Fallujah, which is now home to some 50,000 people, was the first Iraqi city to fall to ISIS in early 2014. It has been surrounded and besieged by the Iraqi Army ever since, and conditions are worsening as supplies inside dry up.

Aid organizations have warned that Fallujah is a humanitarian crisis in the making.

“We are profoundly worried about Fallujah. There are reports of widespread food shortages and lack of medicines,” Grande said in the UN report published Tuesday.

Tens of thousands of people remain stranded by fighting in Fallujah, suffering from a lack of basic necessities and unable to leave, according to the United Nations Assistance Mission of Iraq (UNAMI).

There are “credible reports from key informants” that people wanting to leave the city and seek safety are unable to do so, according to Grande.

She described Fallujah as "a conflict zone," saying she has received reports that ISIS has committed war crimes by killing people trying to flee the city to save their lives. Reports indicate that the few medicines remaining in the city go to wounded ISIS fighters.
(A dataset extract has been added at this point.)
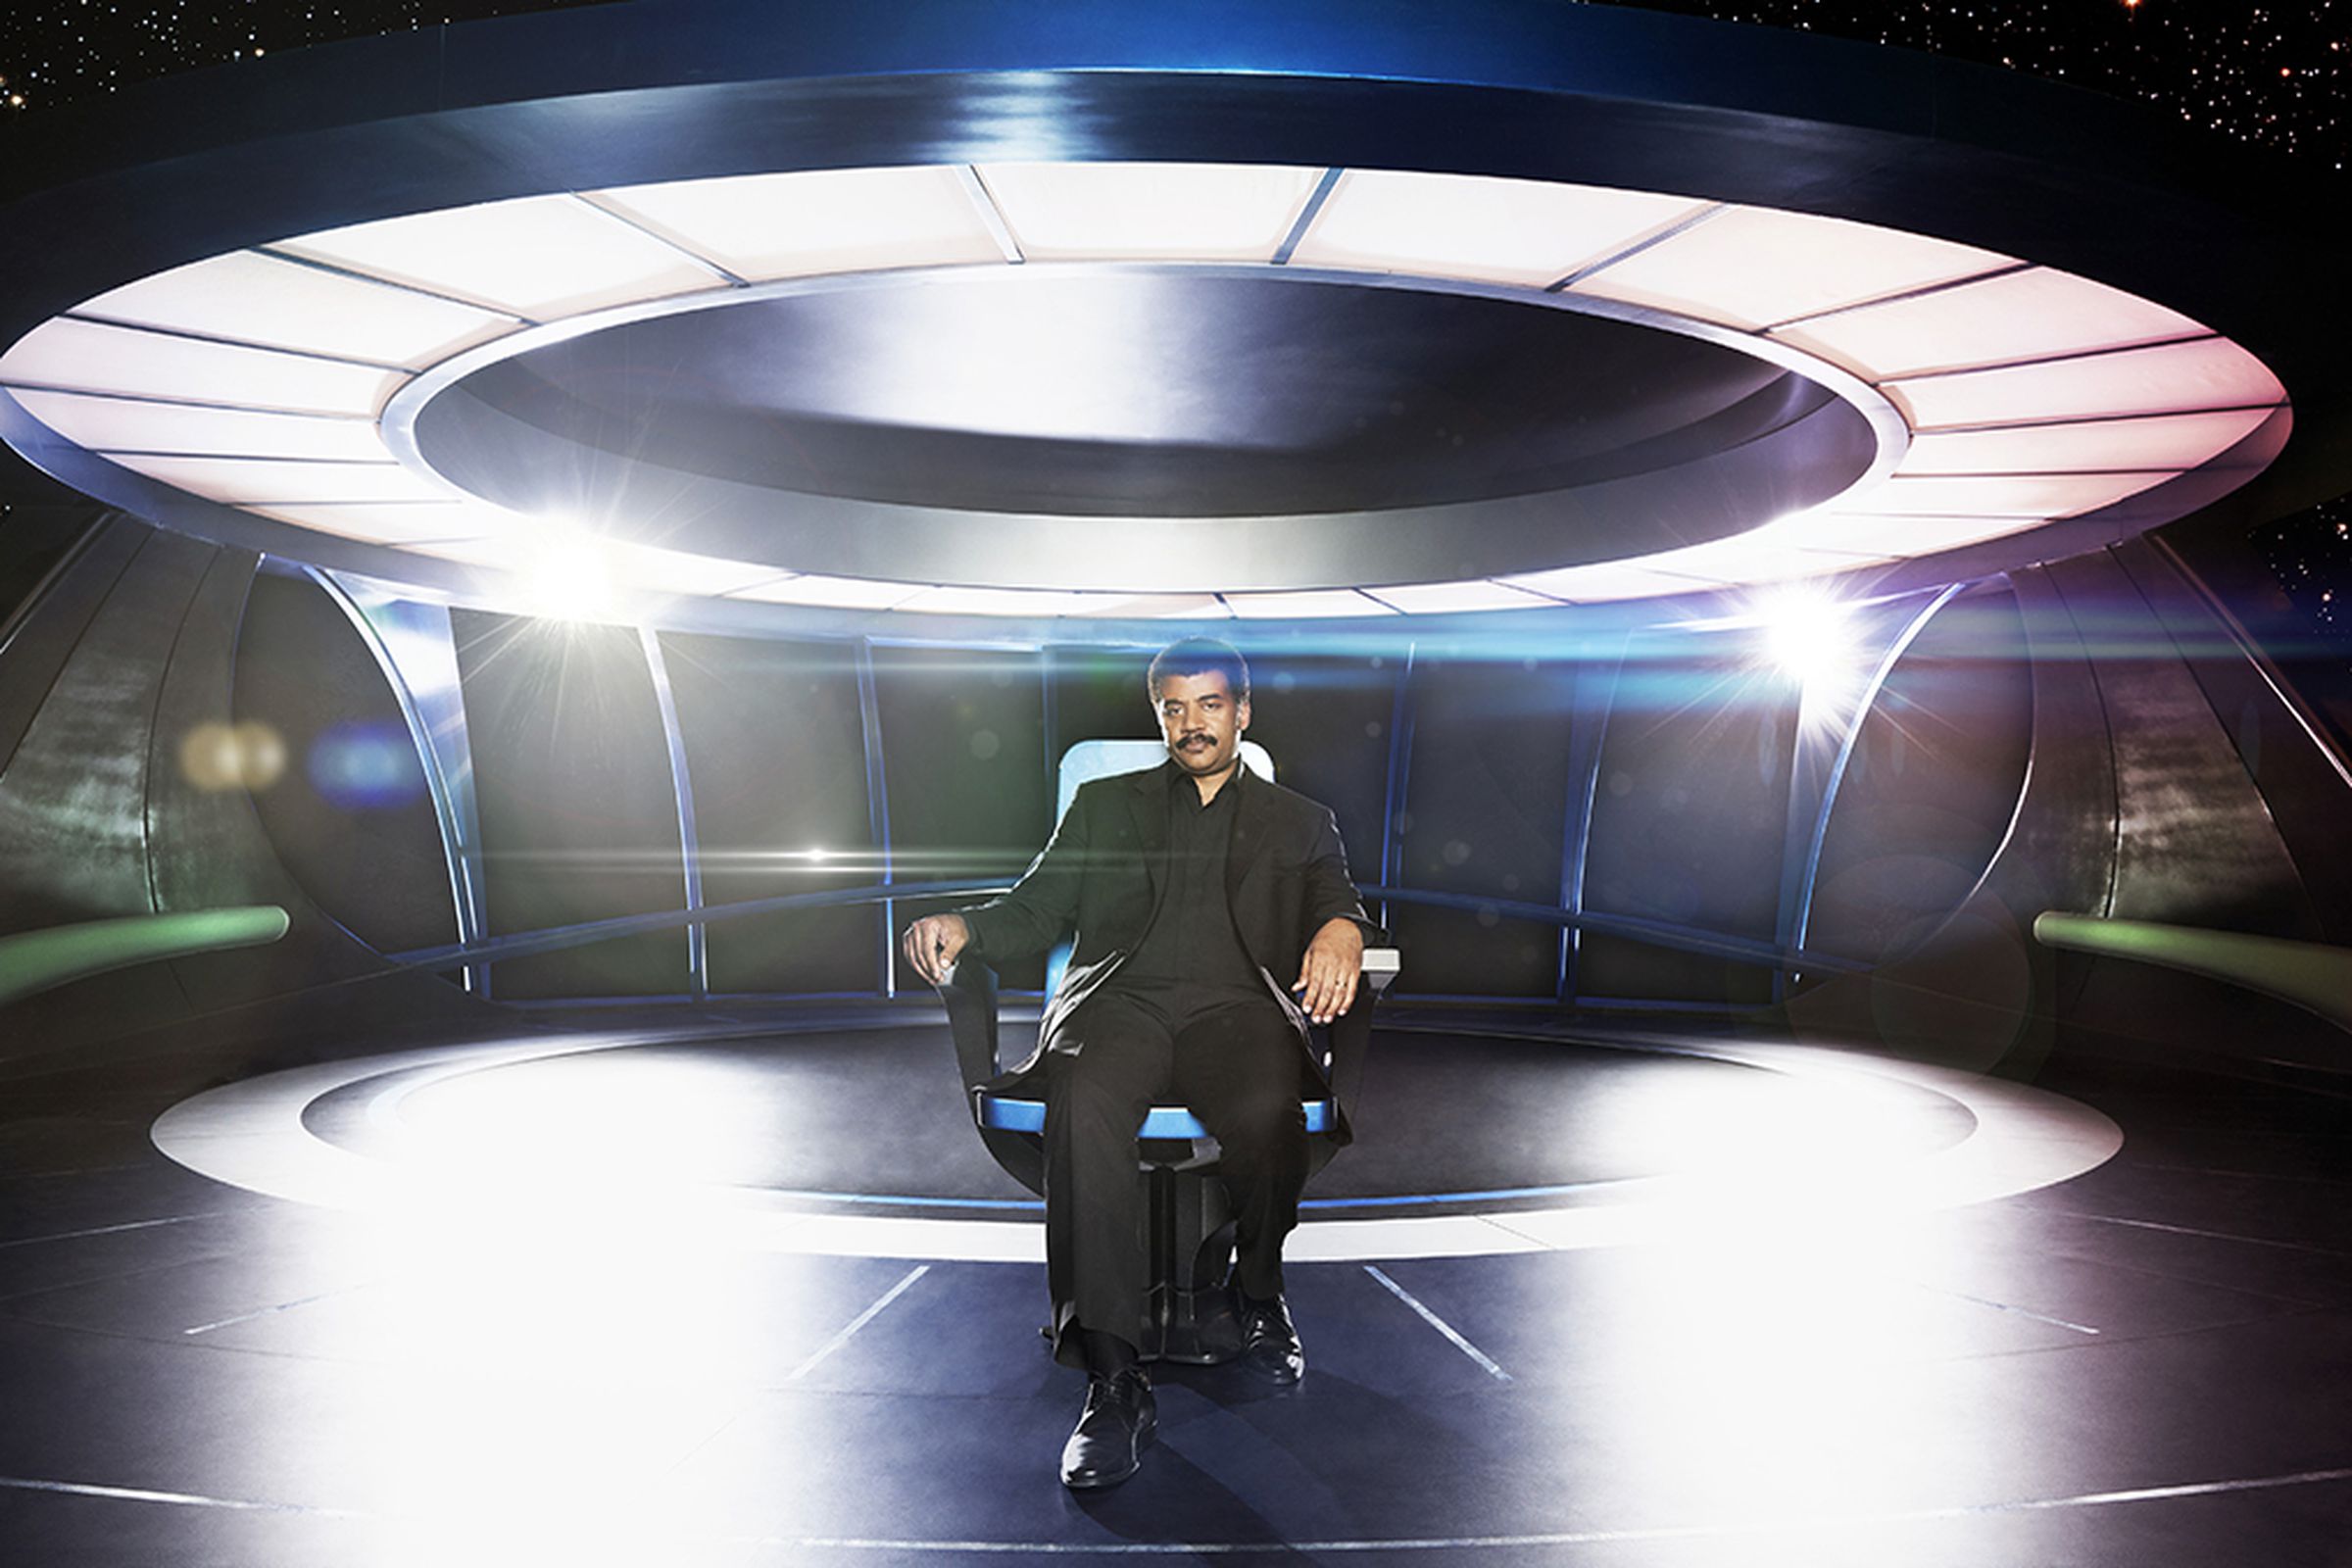 Neil deGrasse Tyson in a promotional image for Fox's 'Cosmos: A Spacetime Odyssey'

“With so much at stake, all parties to the conflict have to do everything possible to protect civilians and respect their right to receive life-saving humanitarian support," Grande said.

Earlier this year, an Iraqi official had told Rudaw that children are dying of starvation.

“So far, four children have died of starvation and the situation in Fallujah is only getting worse,” Saadun Obeid, Fallujah’s mayor, told Rudaw.

“No food or medicines are left in Fallujah. We have asked Iraqi Prime Minister Haider al-Abadi to send us humanitarian assistance but nothing has reached us,” Obeid claimed.UNAMI said that humanitarian partners continue to engage with civil and military authorities to find the best way to reach civilians in areas under siege.

“We are ready to respond to help people in need. We are scaling up, pre-positioning stocks and expanding our assistance in the sites where displaced people may go,” Grande said.

The UN says an estimated 10 million people across Iraq are in need of humanitarian assistance, "including 3.4 million people who have been displaced since January 2014.

An estimated 3 million people are living under ISIS control, while more than 540,000 have returned to their homes," according to UNAMI.